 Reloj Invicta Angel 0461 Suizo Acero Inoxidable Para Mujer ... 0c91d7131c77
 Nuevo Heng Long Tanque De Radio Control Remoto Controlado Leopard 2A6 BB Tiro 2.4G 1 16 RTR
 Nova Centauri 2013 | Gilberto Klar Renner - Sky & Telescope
--
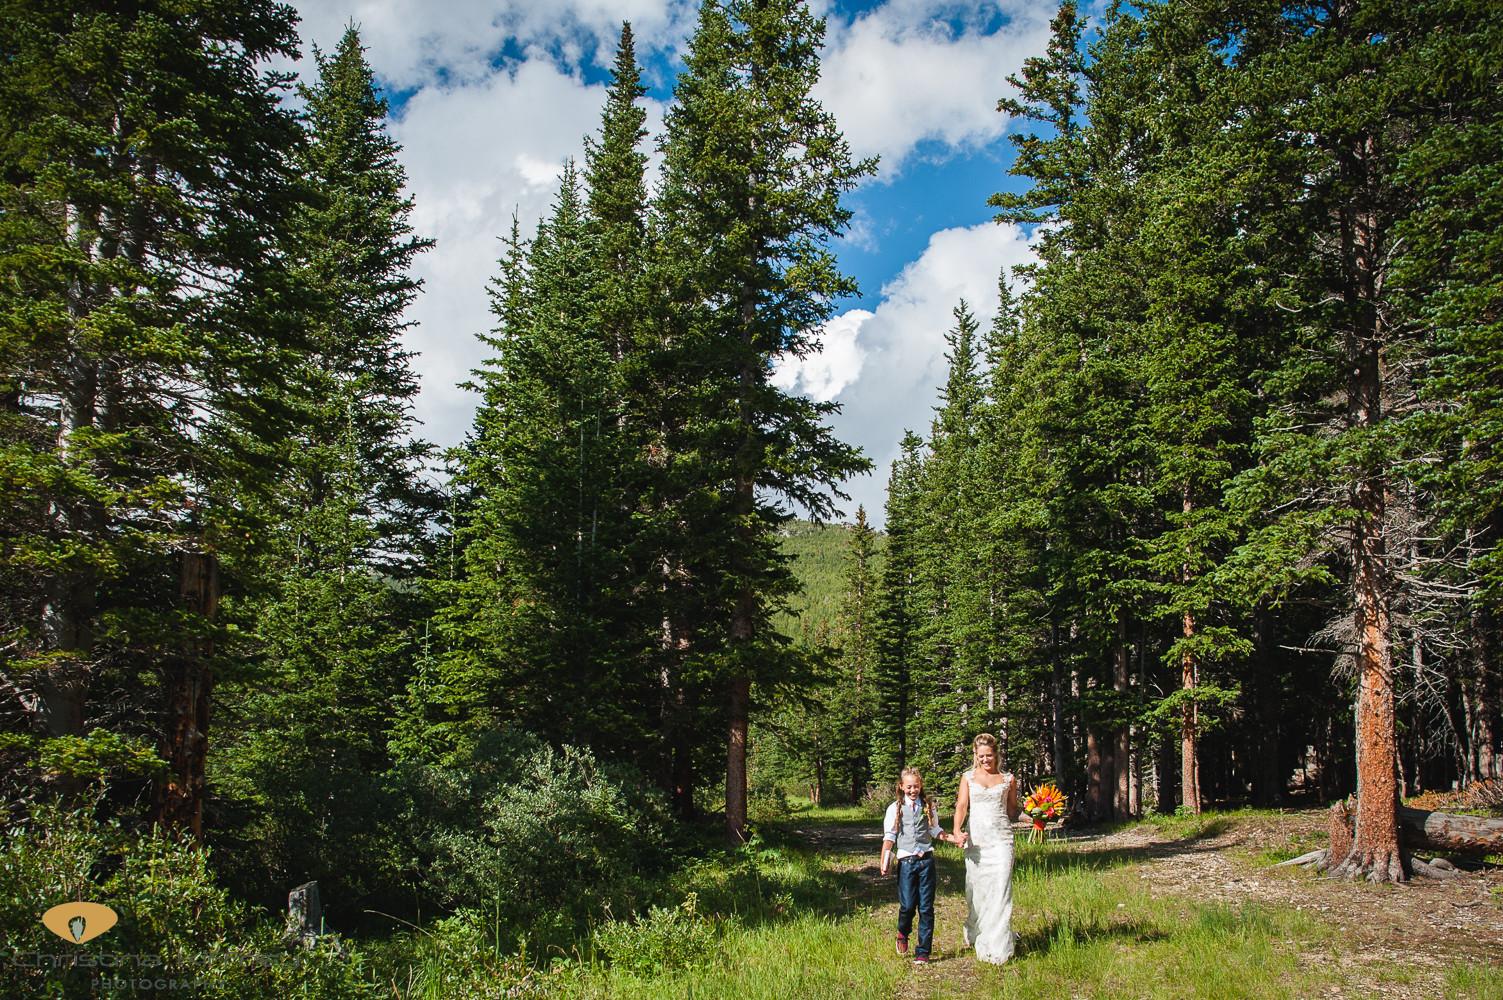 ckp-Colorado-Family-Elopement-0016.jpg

(What is being asked): A word-for-word copy of the lines above from the one with "Reloj Invicta Angel" through the one with "Nova Centauri 2013", inclusive, is the only output wanted.

(Final answer):
 Reloj Invicta Angel 0461 Suizo Acero Inoxidable Para Mujer ... 0c91d7131c77
 Nuevo Heng Long Tanque De Radio Control Remoto Controlado Leopard 2A6 BB Tiro 2.4G 1 16 RTR
 Nova Centauri 2013 | Gilberto Klar Renner - Sky & Telescope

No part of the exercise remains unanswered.